Another celebrity in stage and screen, was Philip Loeb, star of the Gertrude Berg TV show, “The Rise of the Goldbergs.”  Red Channels named Philip, demanded that he be dropped from the show, etc.  This was wonderfully done in Woody Allen’s movie, “The Front,” with Zero Mostel checking in at the Taft Hotel in Manhattan, calling room service for a bottle of wine, then dropping out of the 20th floor window, exactly like Loeb had done!

Cafe Society was to become the gathering place for the left in N.Y.  A short way downtown, opposite the Arch in the Village, the great writer (? — my memory fails me at times!) was writing articles for the Jewish Forward (Forvitz) for $5 a piece.  Eventually The New Yorker discovered these, ran them all (?) won a Pulitzer Prize.  His books are bestsellers yet!  He was always in Stewarts Cafeteria.

[Marginal note identifies writer:] Isaac Bashevis Singer

I never knew Seuss had drawn for N.M.  He first “rang a bell” with ads for FLIT, an insect repellent.  “QUICK, Henry, the FLIT!” Seuss character would yell.  I can’t recall “Doctor” ever being a red, though.

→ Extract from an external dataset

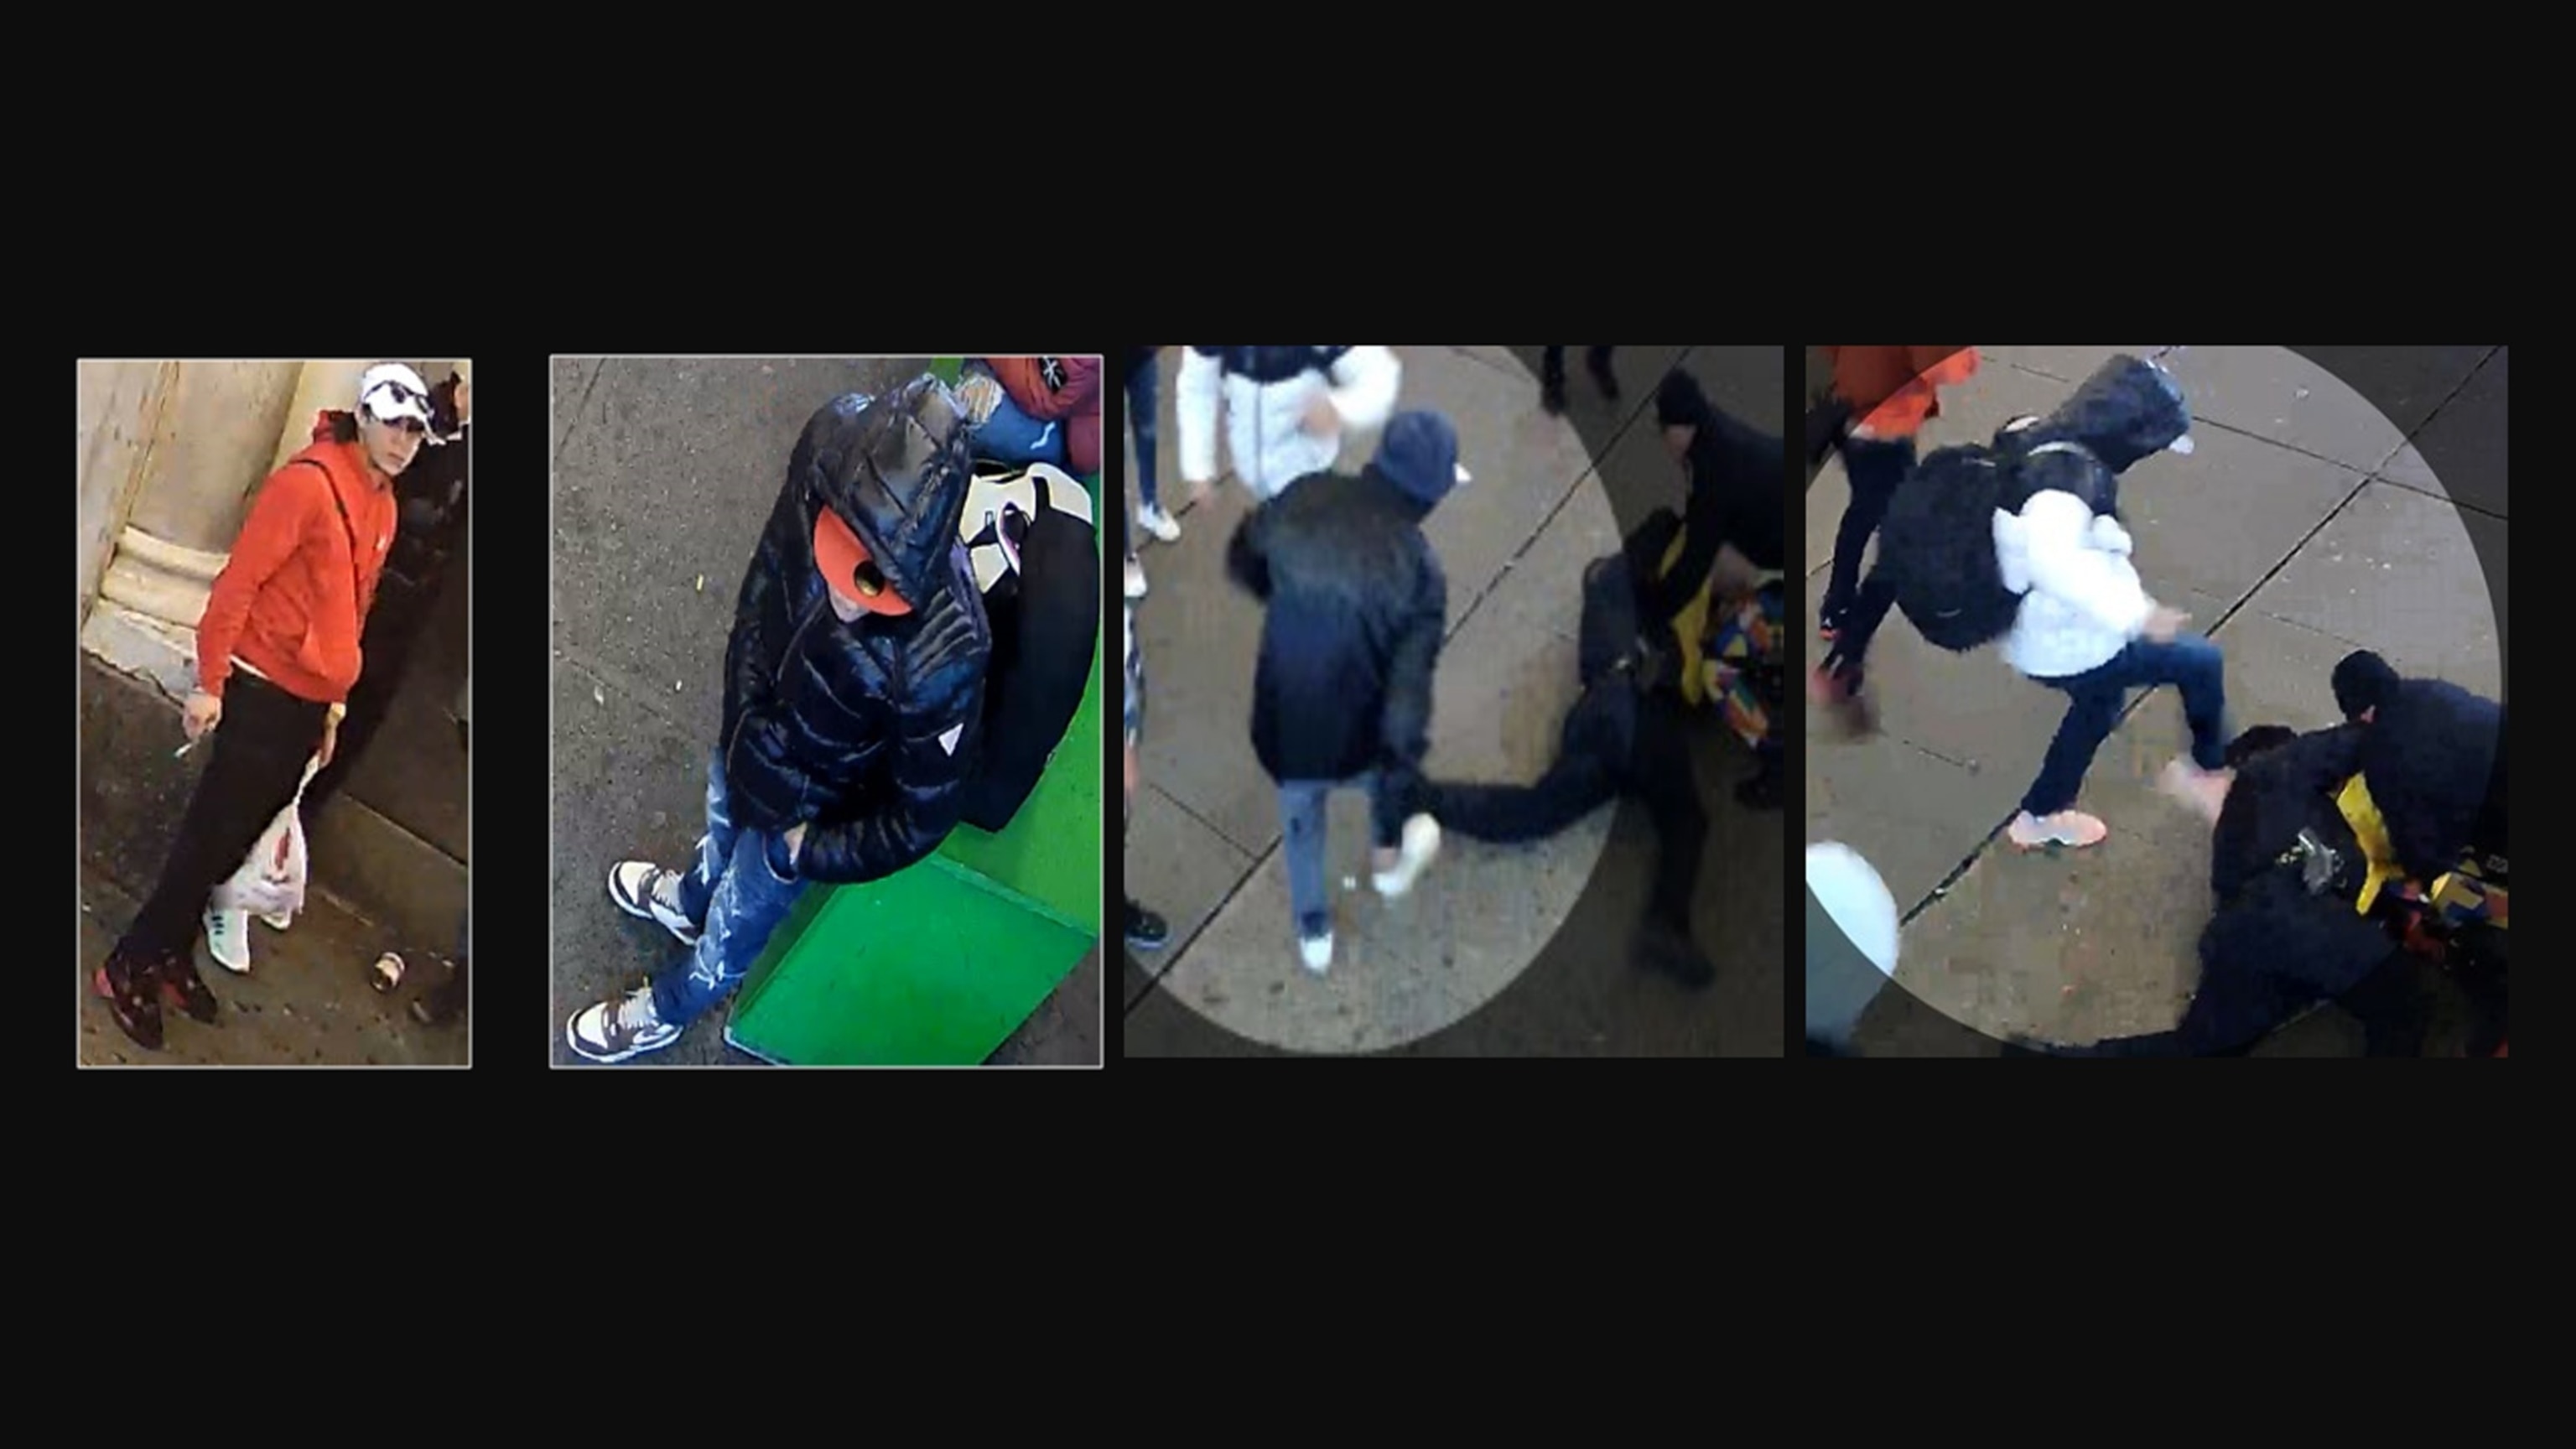 PHOTO: The suspects involved in the attack on police officers near Times Square on Jan. 27 were captured on surveillance images.
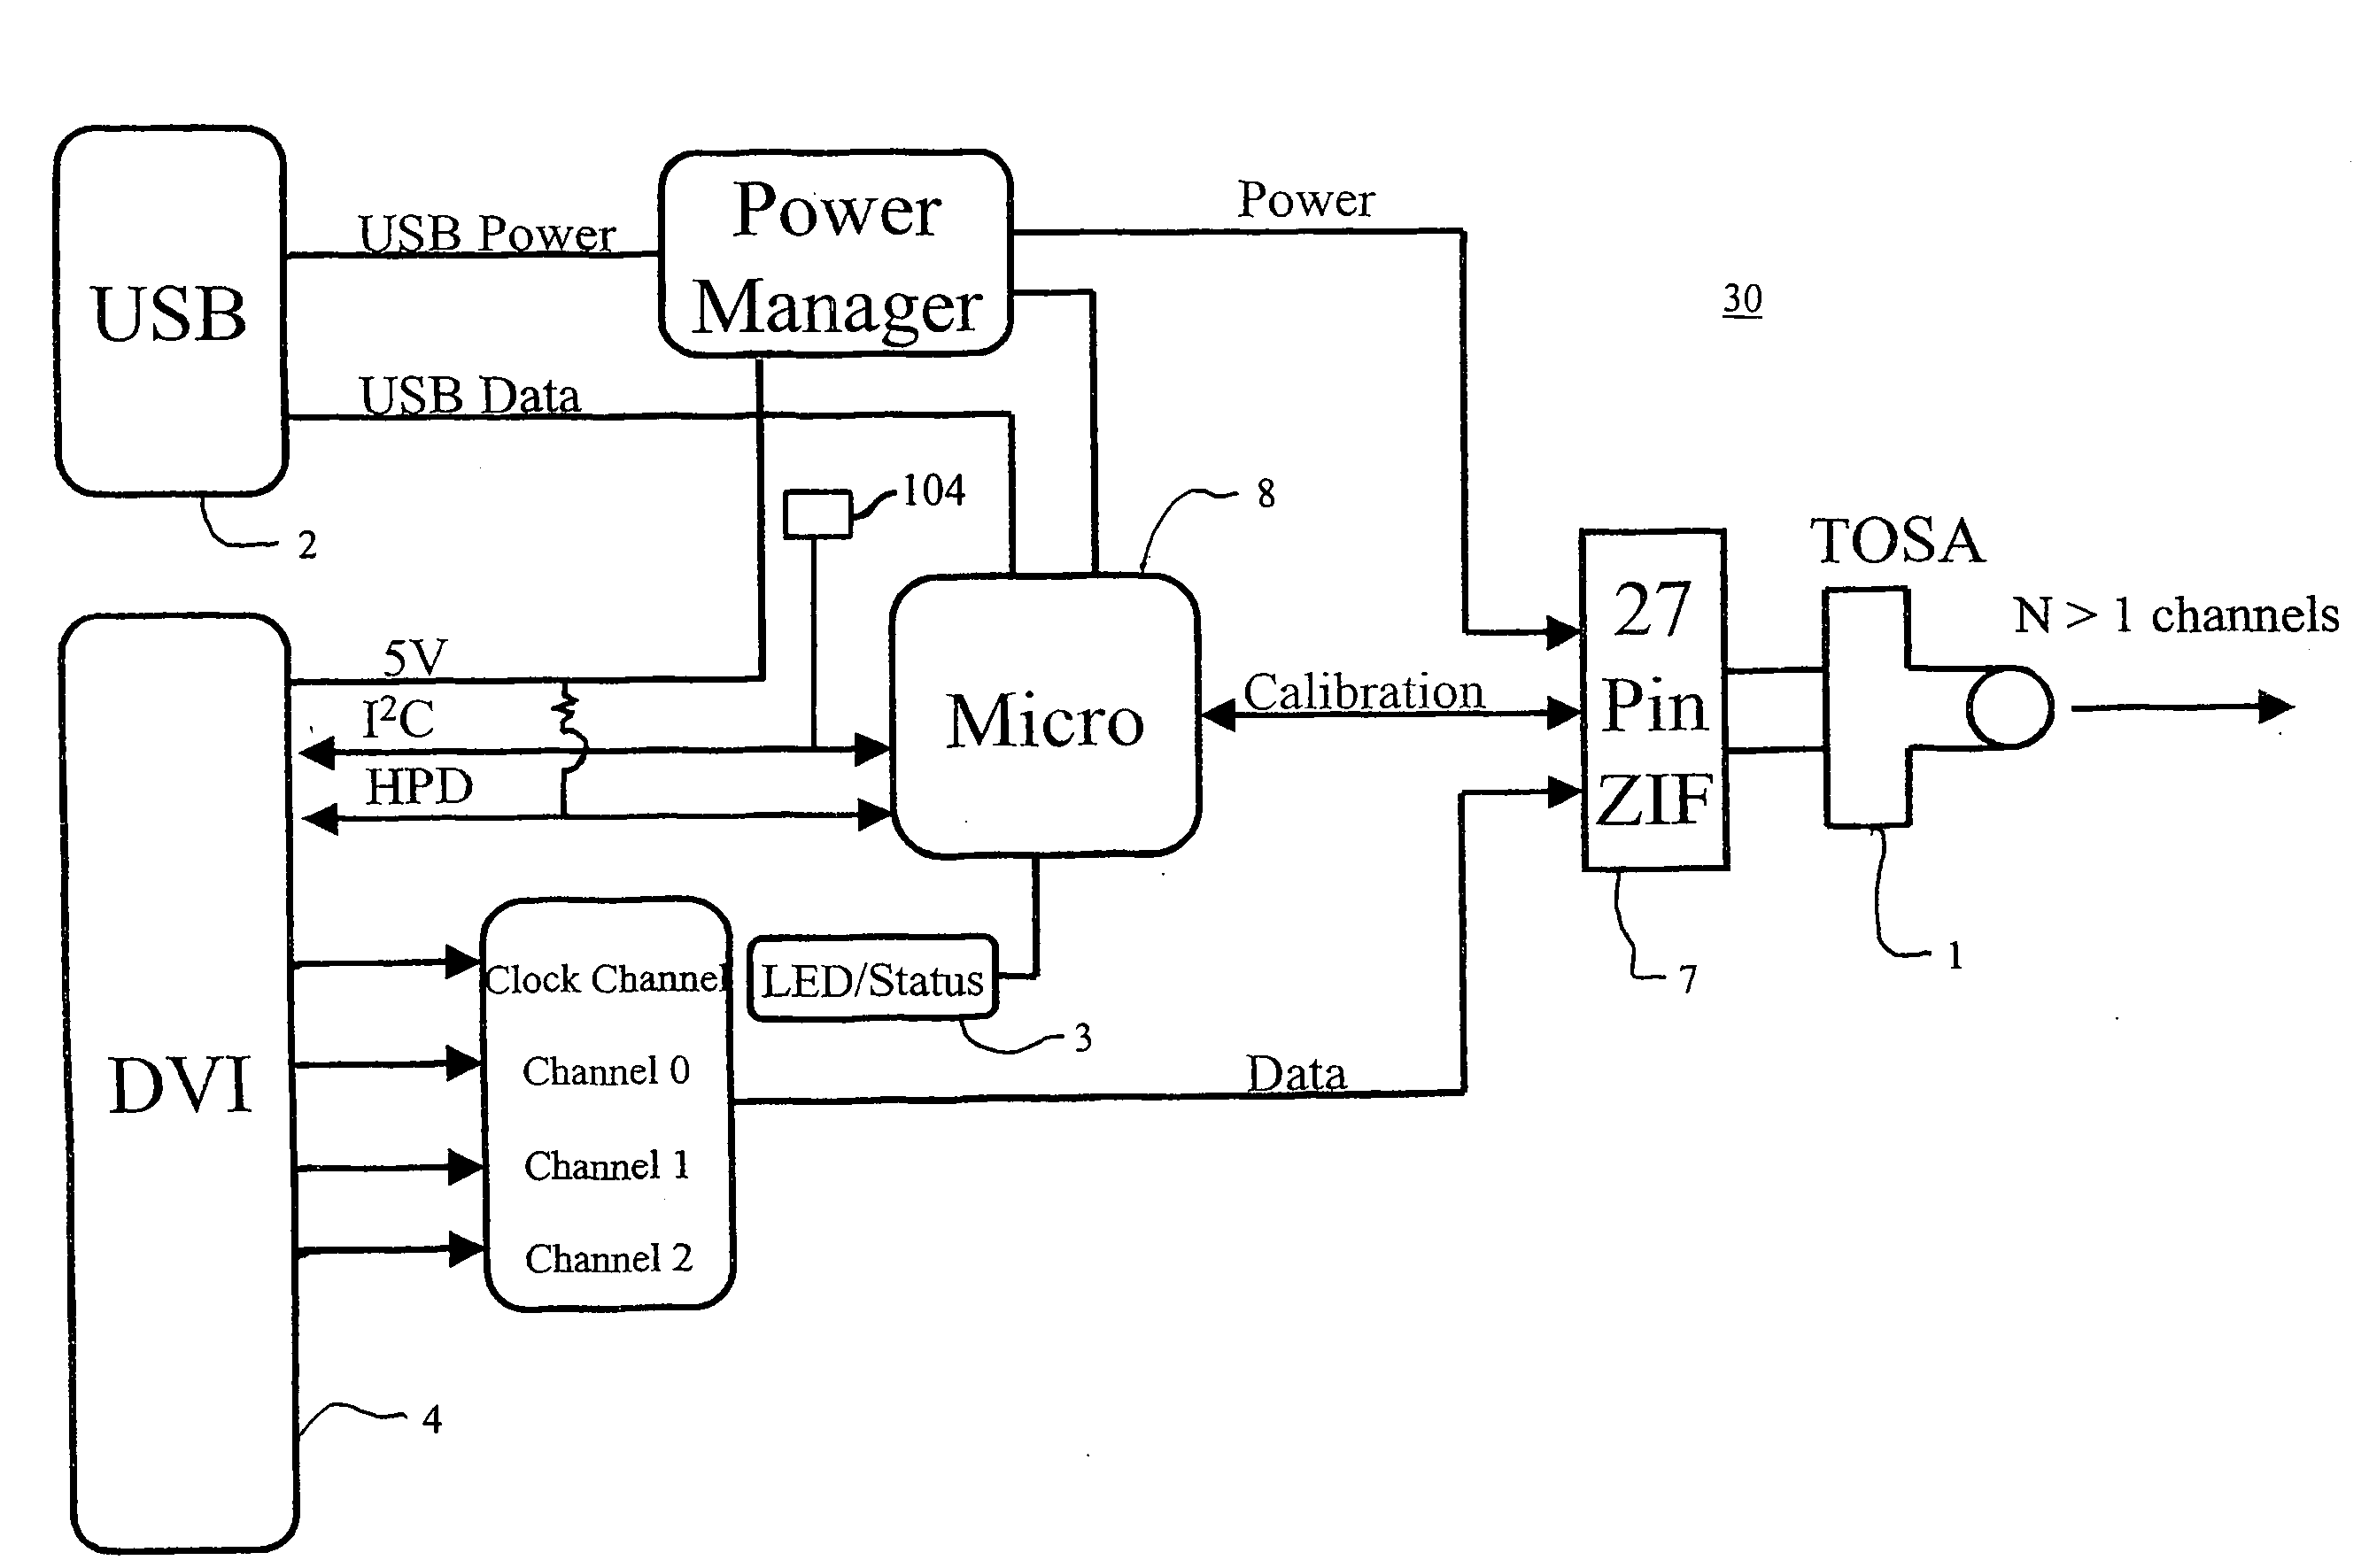 Device for transmitting and receiving DVI video over a single fiber optic interconnect

I’m trying to get around to answering some of your questions.  I drew for N.M. before my trip to the Coast in 1937, in fact, I

A correction: Dr. Seuss drew cartoons for PM, not for NM (New Masses).  Hoff’s misreading my letter to him, in which I mention Seuss’s work PM.  Hoff is right about Seuss not “ever being a red, though.”  Dr. Seuss was a liberal Democrat, but he wasn’t a leftist.

And page three:

Syd Hoff, letter to Philip Nel, 1 Aug 2000, p. 3

The transcription of page three:

had been doing a daily cartoon for the Daily Worker about right after I left the Academy.  “The Ruling Clawss” was the title Clarence Hathaway, its editor, who was coming up into the Party with Earl Browder gave it that title.  (How awful!  Hathaway would eventually be named in “Workers Enemies Exposed,” shortly before Browder himself, now obviously with “Alzheimer,” would appear on TV with Hamilton Fish of Congress, probably the worst reactionary person in American History.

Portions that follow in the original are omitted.